Scientists have found antibodies that summon virus-engulfing white blood cells may play an important role in protecting infants from cytomegalovirus.

Cytomegalovirus CMV, a DNA virus from Herpesviridae family on a background with giant cells. 3D illustration. CMV mostly causes diseases in newborns and immunocompromised patients

Researchers from Weill Cornell Medicine and NewYork-Presbyterian, both US, have found that antibodies that summon virus-engulfing white blood cells may play an important role in protecting infants from potentially serious congenital infection with human cytomegalovirus (HCMV). The study, which was published in Journal of Clinical Investigation, was the most comprehensive analysis of its kind to date in HCMV research.

In their study, the team examined antibodies in the blood of 81 mothers infected with HCMV, comparing the properties of the antibodies in mothers who had transmitted versus had not transmitted HCMV to their infants.
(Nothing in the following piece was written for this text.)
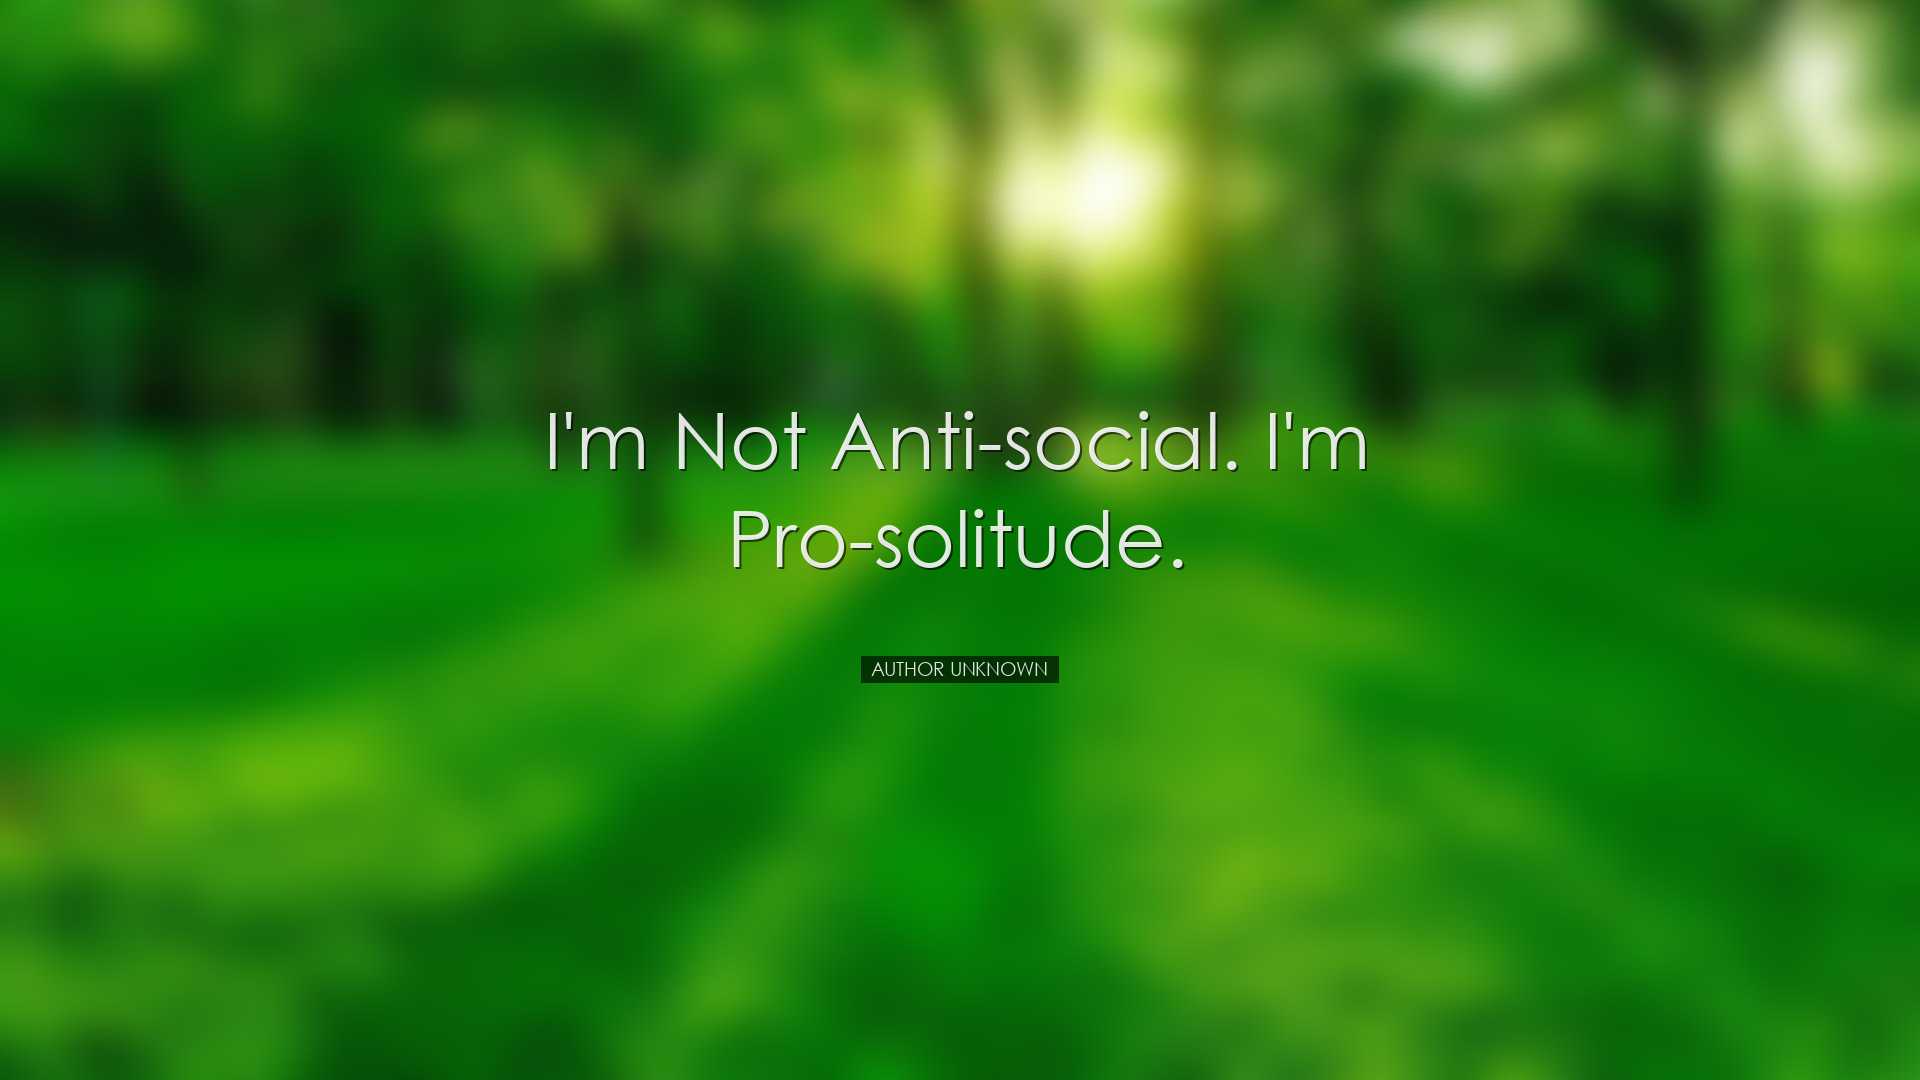 I'm not anti-social. I'm pro-solitude. - Author Unknown
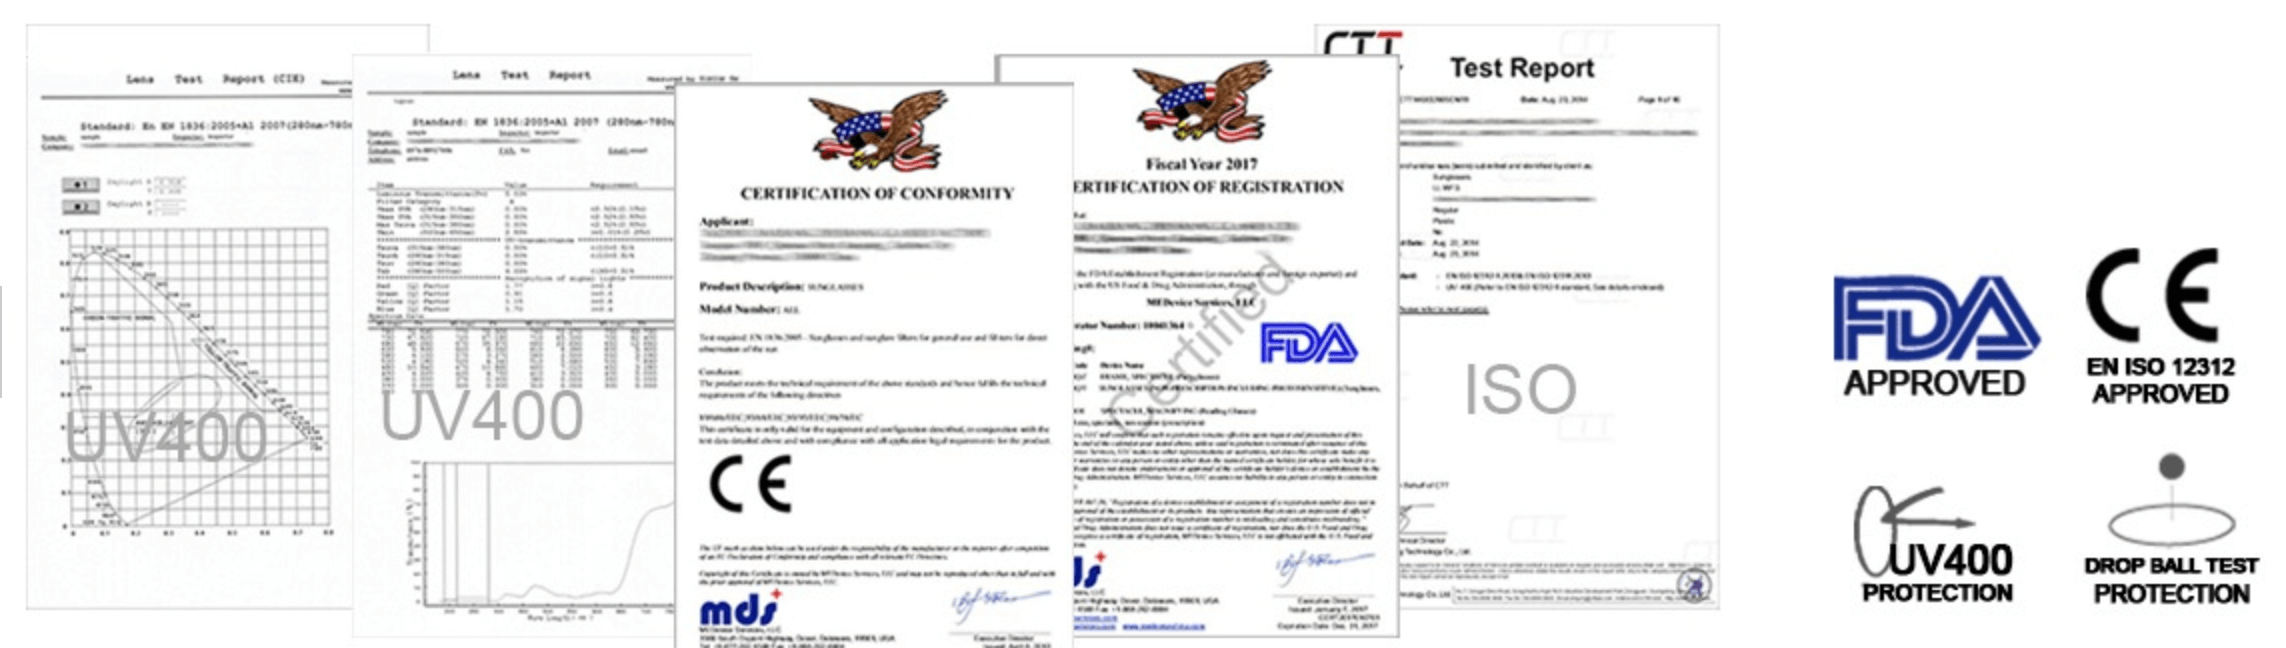 CE FDA UV400 certificates_Wholesale Ski Goggles - Wholesale Snow Goggles from China Ski Goggle Manufacturers

A key finding was that women in the non-transmission group tended to show higher levels of the white blood cell-summoning mechanism, known as antibody-dependent cellular phagocytosis, against HCMV.

“These findings certainly have implications for the types of immune responses HCMV vaccines should be targeting,” said senior author, Dr Sallie Permar.

HCMV sustains itself in the human population in part by mother-to-child transmission during pregnancy. These congenital HCMV infections can cause stillbirth, hearing loss, brain development abnormalities and other conditions in young children; and preventing them is a major public health goal. But conventional vaccine and antibody-based therapy strategies have so far proven ineffective against congenital HCMV infection—underscoring the need to understand how the immune system can fight this virus effectively.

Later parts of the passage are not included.